For those of you not familiar with Edwin Way Teale, he was a peripatetic naturalist and Pulitzer Prize-winning writer who lived in the first half of the twentieth century, primarily known for his book series, The American Seasons. Edwin and his wife Nellie documented the changing seasons, flora, and fauna during their more than 75,000 miles of North American automotive travels.

Ruth’s and my lifestyle has sought to emulate the Teales’ adventures during our six years on the road, and as we read each of Edwin’s seasonal books to each other in diverse locations, we developed an awakened consciousness of life’s diversity with each new location.

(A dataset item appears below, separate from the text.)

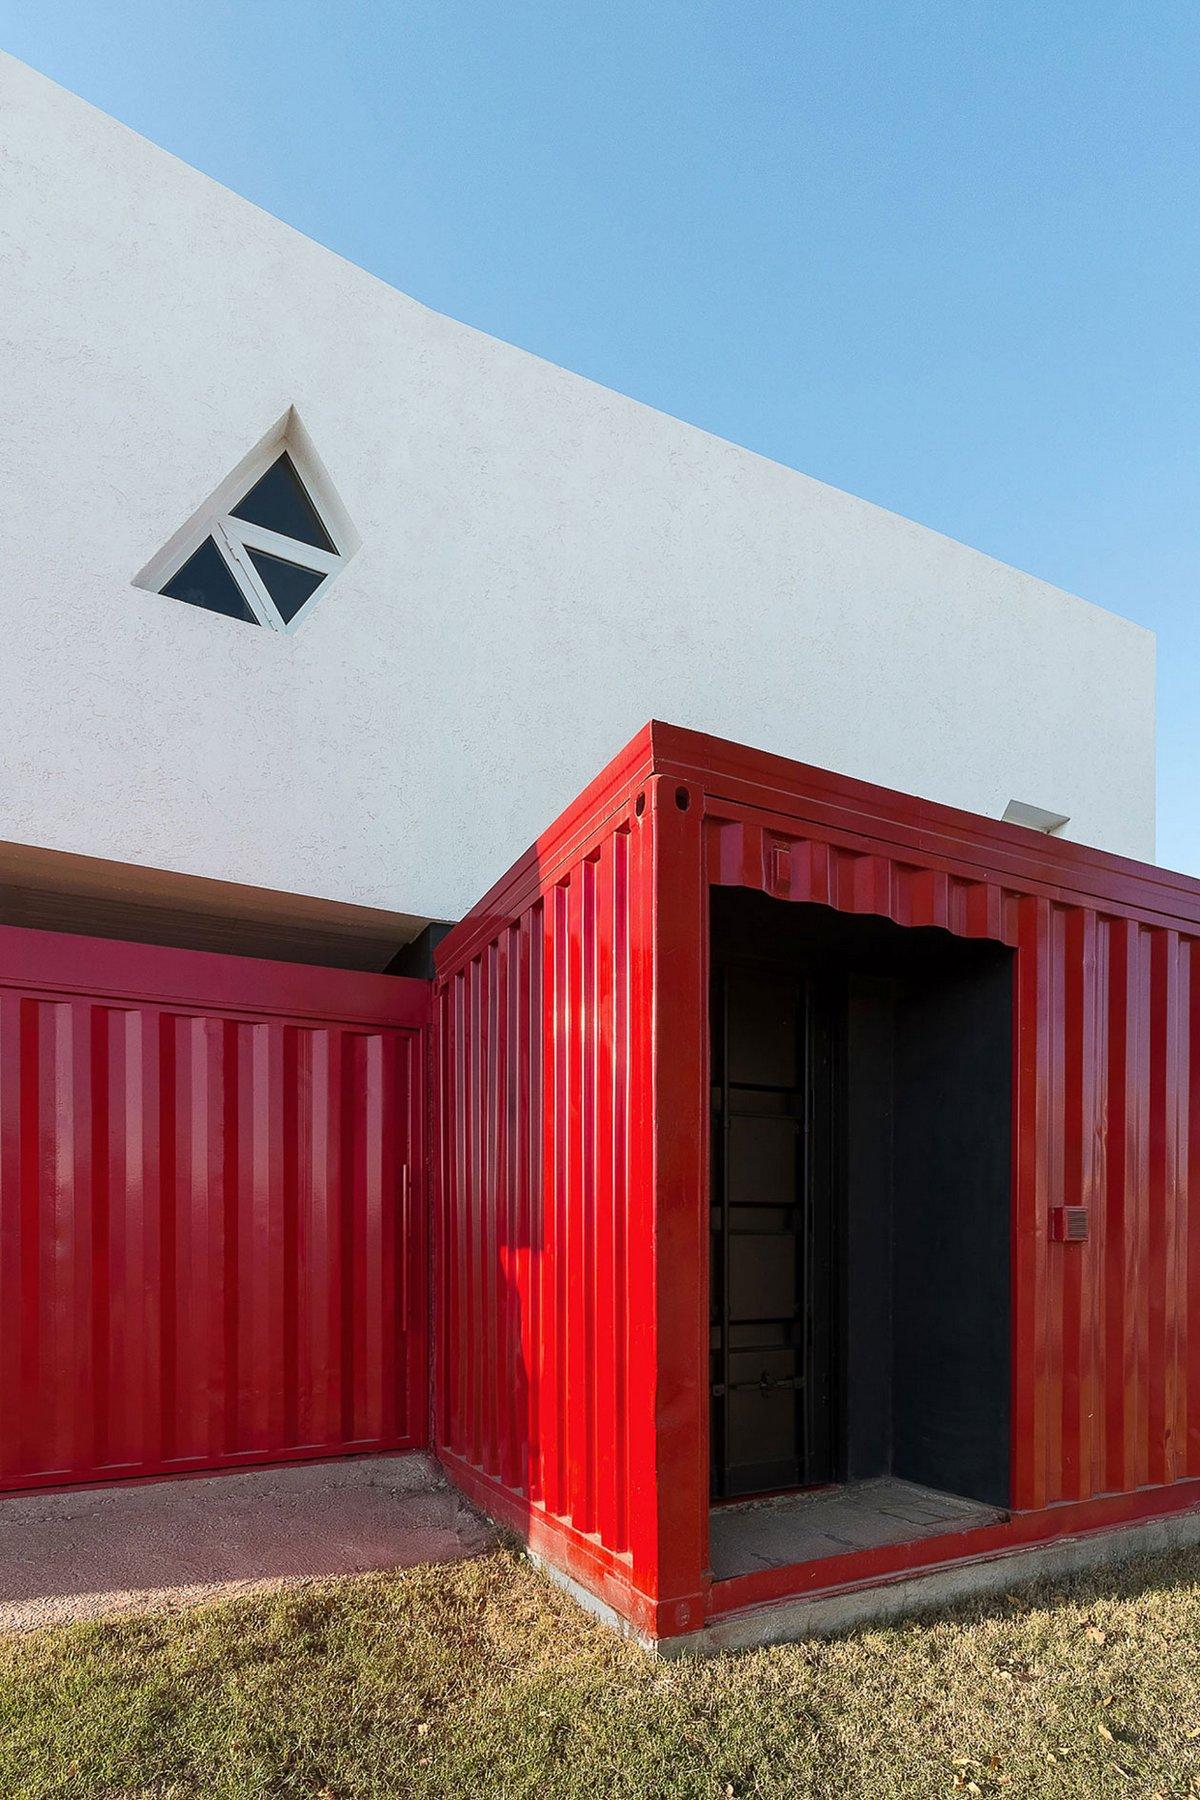 Jose Schreiber Arquitecto, Container House, частный дом в Аргентине обзор, дома из морских контейнеров, дом из контейнеров, частные дома в Аргентине

We collaborate on and plan our ensuing destinations for each annual travel season, but the continual Covid plague and Canadian border closure forced us to push our Alaska destination out to spring and summer of 2022. Book one of the quadrilogy of the Teales’ books, North with the Spring, has become the theme of our sojourn from our winter stay just north of Tijuana, Mexico, having just read Teale’s Wandering Through Winter. 

A journey north, as the crow flies, of about 3,600 miles requires careful planning. Leaving too early, and we travel back in seasonal time into the frozen arms of winter. Too late, and the transition from rain to snow again encroaches. The seasonal sweet spot in Alaska is a carefully planned target. Spring and fall pass like the blink of an eye. Winter’s cold chasm is deep and wide.

We are not strangers to Alaska: the Land of the Midnight sun, the Last Frontier, the 49th State. Twenty-one years have passed since our last visit, and the memories linger bright. During our current drive north we reprised the highlights, the compilation and confirmation of our fauna life wish list, and many anecdotes that read stranger than fiction. The persistent and pesky mosquito battles; flight-seeing and landing on the Mount Denali glacier (the tallest mountain in the US); the four-day ferry excursion up the Inside Passage, our Toyota Tacoma pickup tucked deep in the ship’s hold; wilderness llama hiking and repelling curious but protective grizzly bears guarding their kill; hiking the trails of Denali National Park’s mountains; finding and being driven from a gold miner’s protective stakes; hot spring soaks; waterfalls beyond counting; and a town with so many international border crossings that a smile and a wave was the only necessary documentation.

The name Alaska is derived from the Aleut word “Aleyska,” meaning “Great Land,” and great it is indeed! Our 49th state is seven times smaller than the continental U.S., though if you include the Aleutian Islands, the state would extend nearly coast to coast. You can shoehorn nineteen of the lower forty eight states into the 663,300 square miles of the state. We’re not counting Texas in this count, as most boasting Texans consider their state the biggest and best. (Don’t tell them that, if you cut Alaska in two, Texas would be only the third largest state.) Traveling to Alaska is like stepping into a time machine and traveling back over a hundred years, fauna-wise.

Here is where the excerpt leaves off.